• **Input data**:
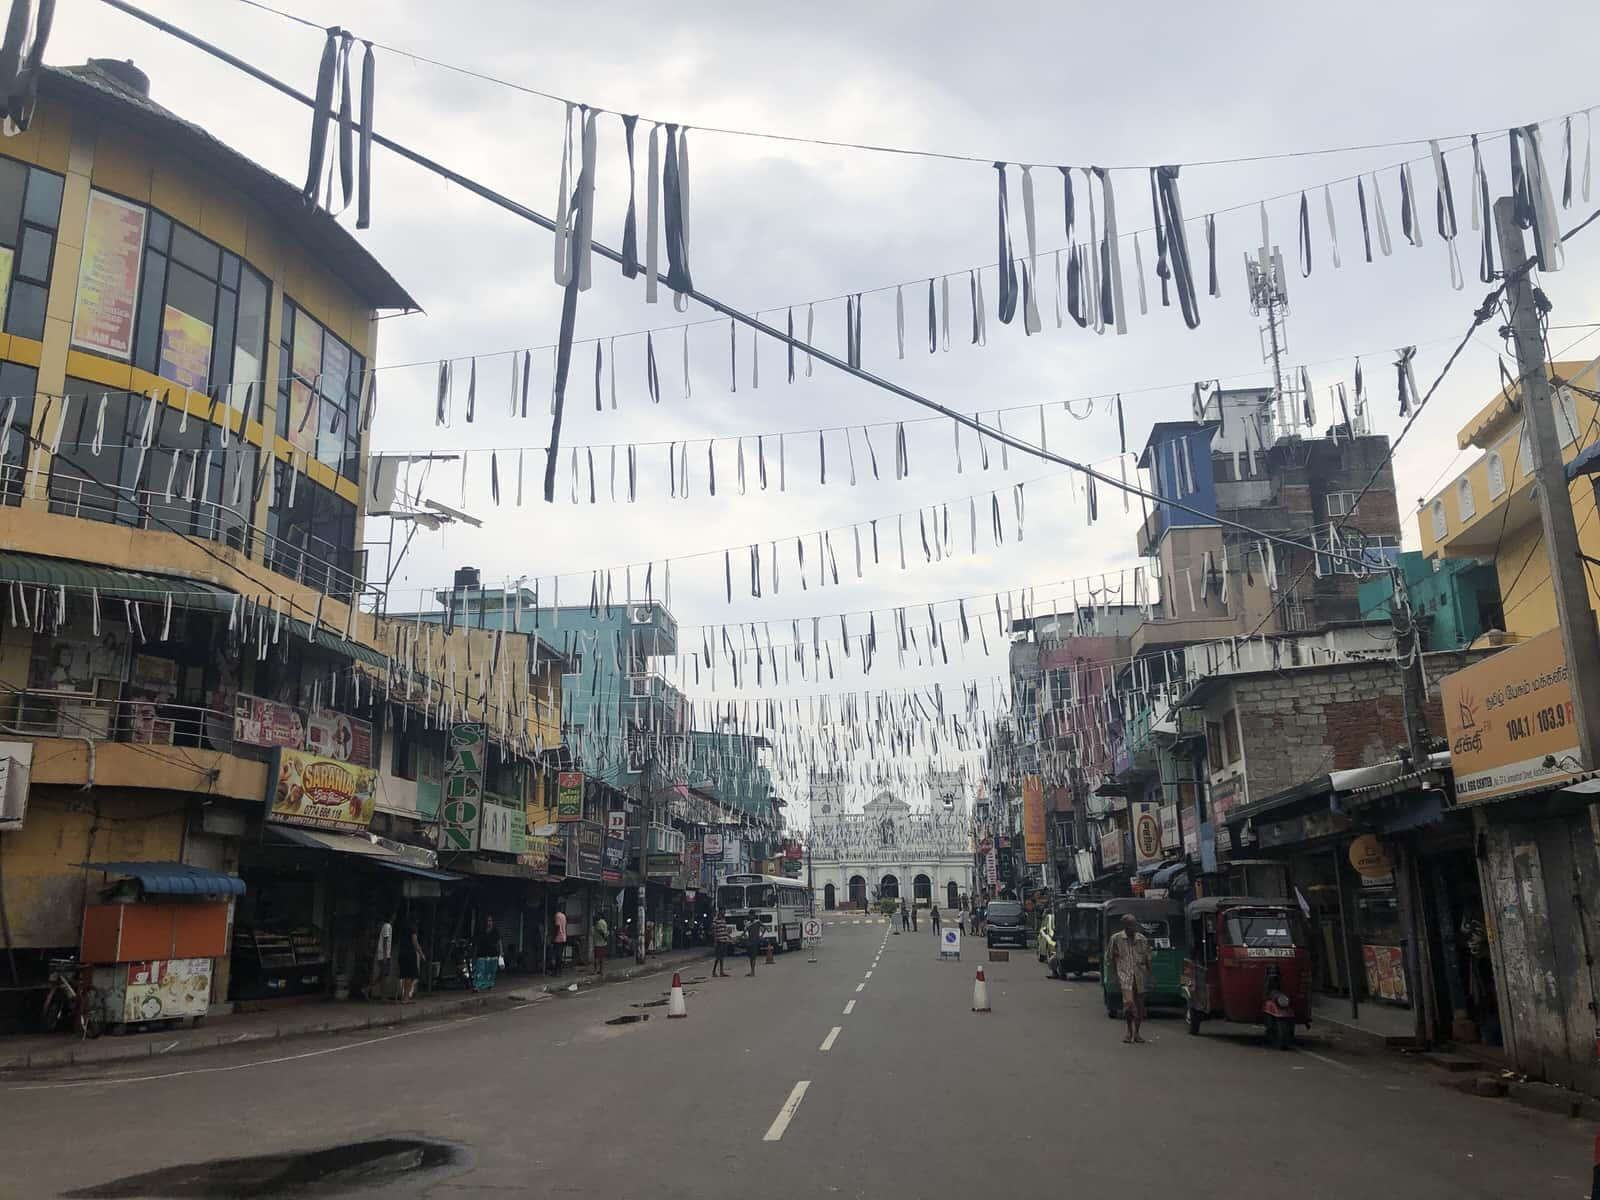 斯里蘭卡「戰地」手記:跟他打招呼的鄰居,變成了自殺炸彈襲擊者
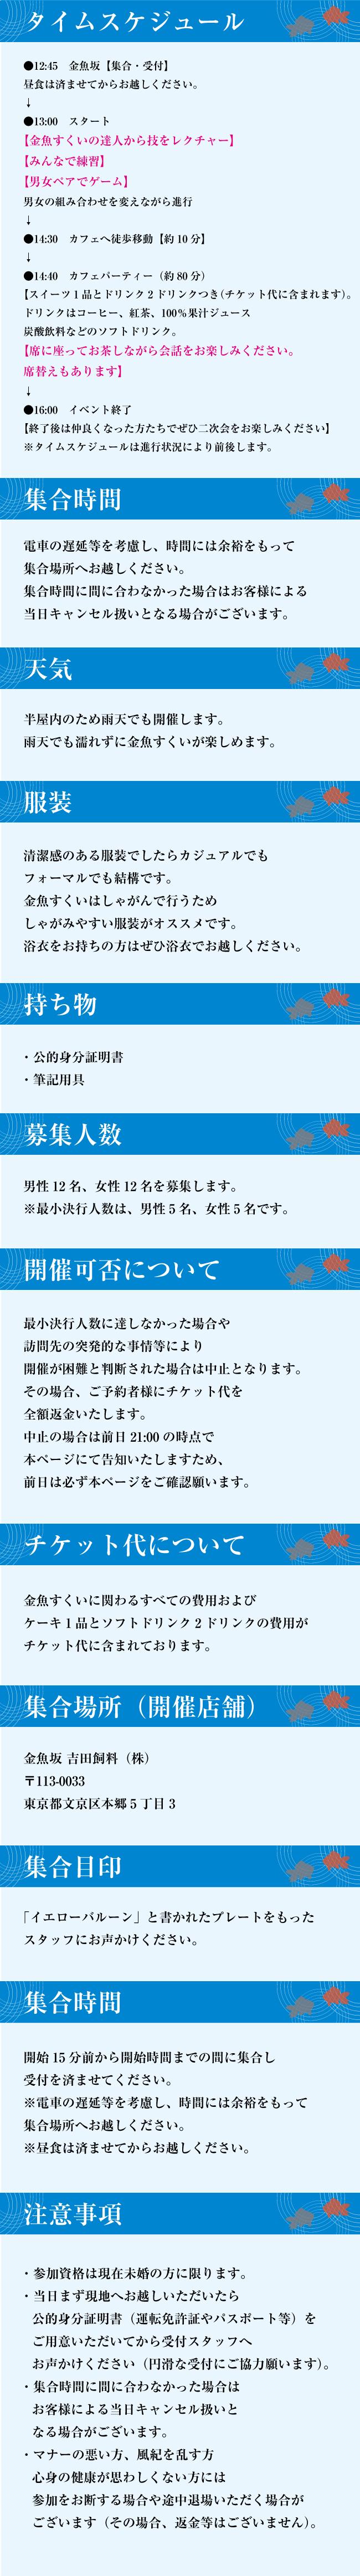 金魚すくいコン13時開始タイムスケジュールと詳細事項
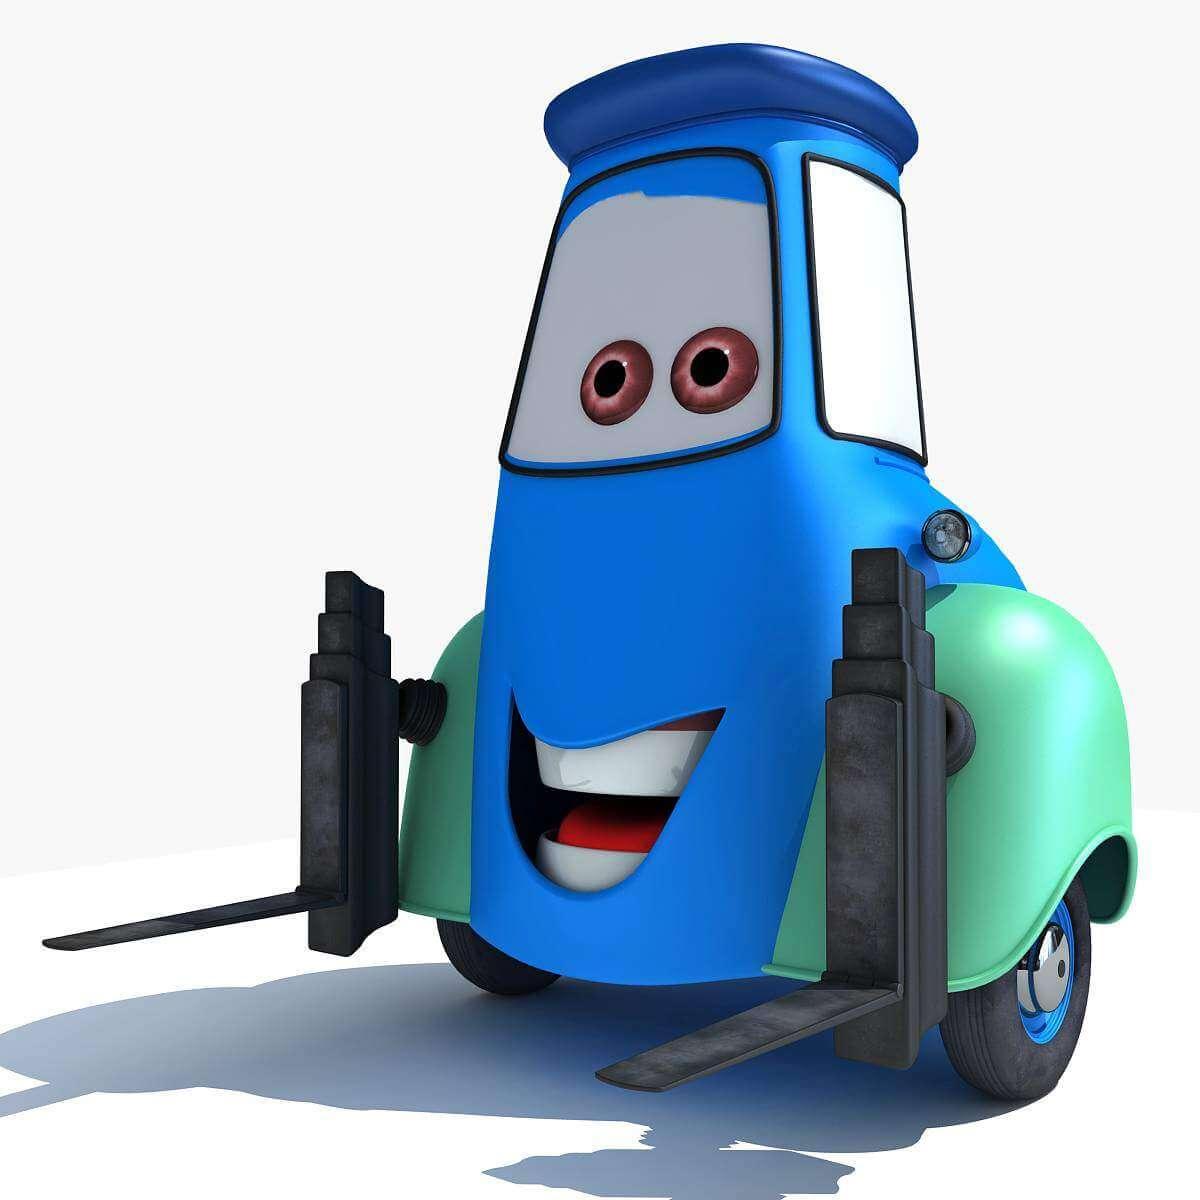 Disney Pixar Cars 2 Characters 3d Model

• **Required action**: Your copy should begin at the line containing "金魚すくいコン13時開始タイムスケジュールと詳細事項" and end at the last line of the data above, matching each line exactly and holding no pictures.

• **Answer for this exercise**:
 金魚すくいコン13時開始タイムスケジュールと詳細事項
 Disney Pixar Cars 2 Characters 3d Model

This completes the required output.